Unique serving style attracts attention online. 

From sushi burritos to kebab sushi rolls, we’ve tried a lot of unusual sushi in Japan. However, there’s one sushi restaurant now tempting us with an extra-special way of serving sushi that’s surprising even Japanese diners, as it involves searing fresh squid with a soldering iron.

Ryu Hamasaki, Editor-in-Chief of Japanese gourmet media “TERIYAKI“, captured this video of the unique serving method, which has become something of a signature at Ninokura, a newly opened sister store of popular sushi restaurant Sushi no Kura in Sapporo, Hokkaido.

The video shows the chef gently and meticulously pressing the tip of the iron along the surface of the squid, which lightly sears the flesh, allowing diners to enjoy the different textures created.

It’s not every day you see a chef using a soldering iron at a sushi restaurant, and it’s not just for show either, as it provides greater control over temperature and direction than a grill or blowtorch.

▼ Sushi no Kura also uses the soldering-iron method to sear other types of seafood at the restaurant

The video of the unusual cooking method quickly went viral online, where some people commended the chef for the unusual idea and others questioned the safety of it, bringing up concerns that the tip of the soldering iron may have been made from lead.
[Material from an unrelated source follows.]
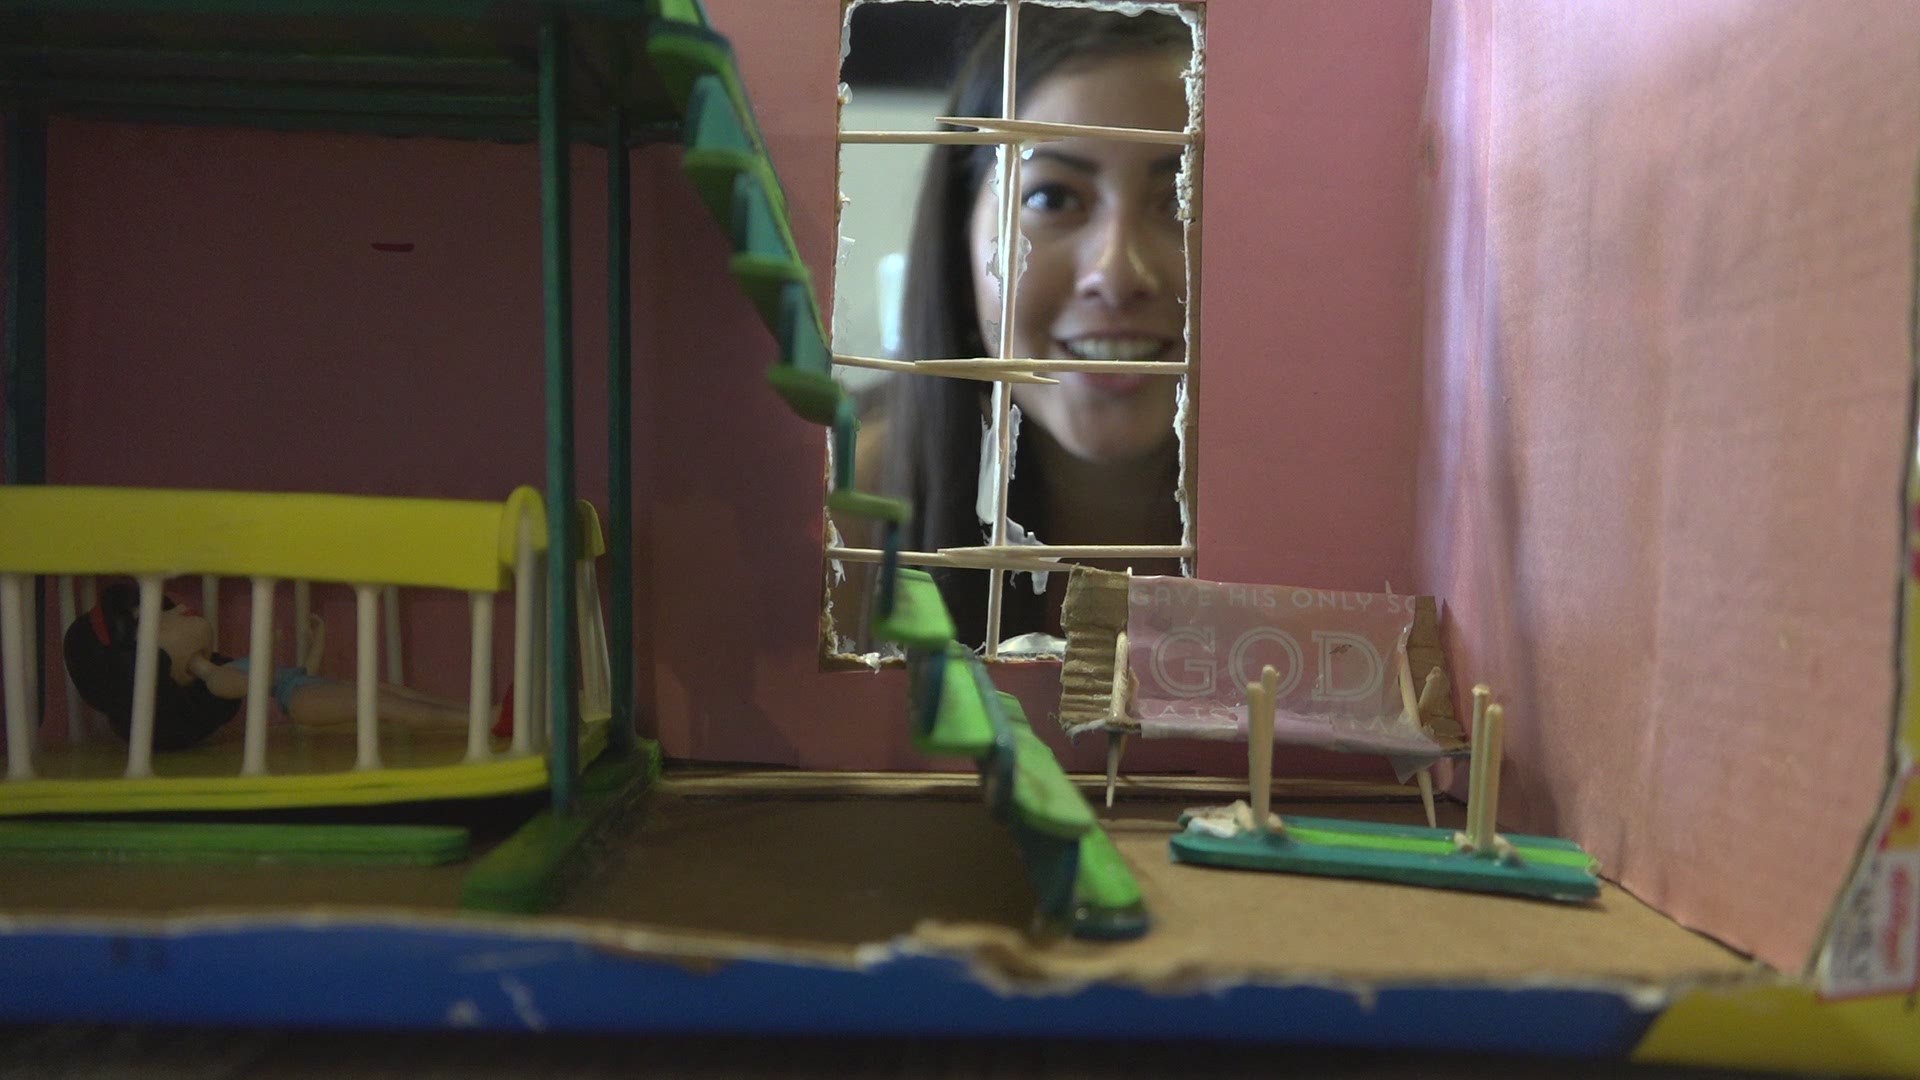 One Merkel woman makes doll houses out of recycling items.

However, soldering iron manufacturer Taiyo Denki Sangyo confirmed that lead-free solders have been used for the past ten years, with the tips now made of metals like tin, silver, and copper.

The restaurant itself posted this statement on their official Facebook account in response to health and safety concerns, saying experts had confirmed there was no problem with their hygiene management, and the tip of the iron had been switched from iron to stainless steel as an added precaution.

According to local food sanitation laws, “Solders used to manufacture or repair parts of appliances or containers and packaging that come into contact with food must not contain more than 0.2 percent lead.” The head of the Central Health Centre in Sapporo told the media that the soldering iron was made from iron, not lead, and therefore there was no problem with it being used under the Food Sanitation Law.

With Sushi no Kura and its sister restaurant given the all-clear to proceed with the unusual searing method, it looks like the soldering irons aren’t going anywhere for now. So next time you travel to Hokkaido, which recently ranked as the most desirable place in Japan to settle down in, you might want to put these sushi restaurants on your itinerary, along with a sushi stop at Seico Mart, a local convenience store chain well worth visiting!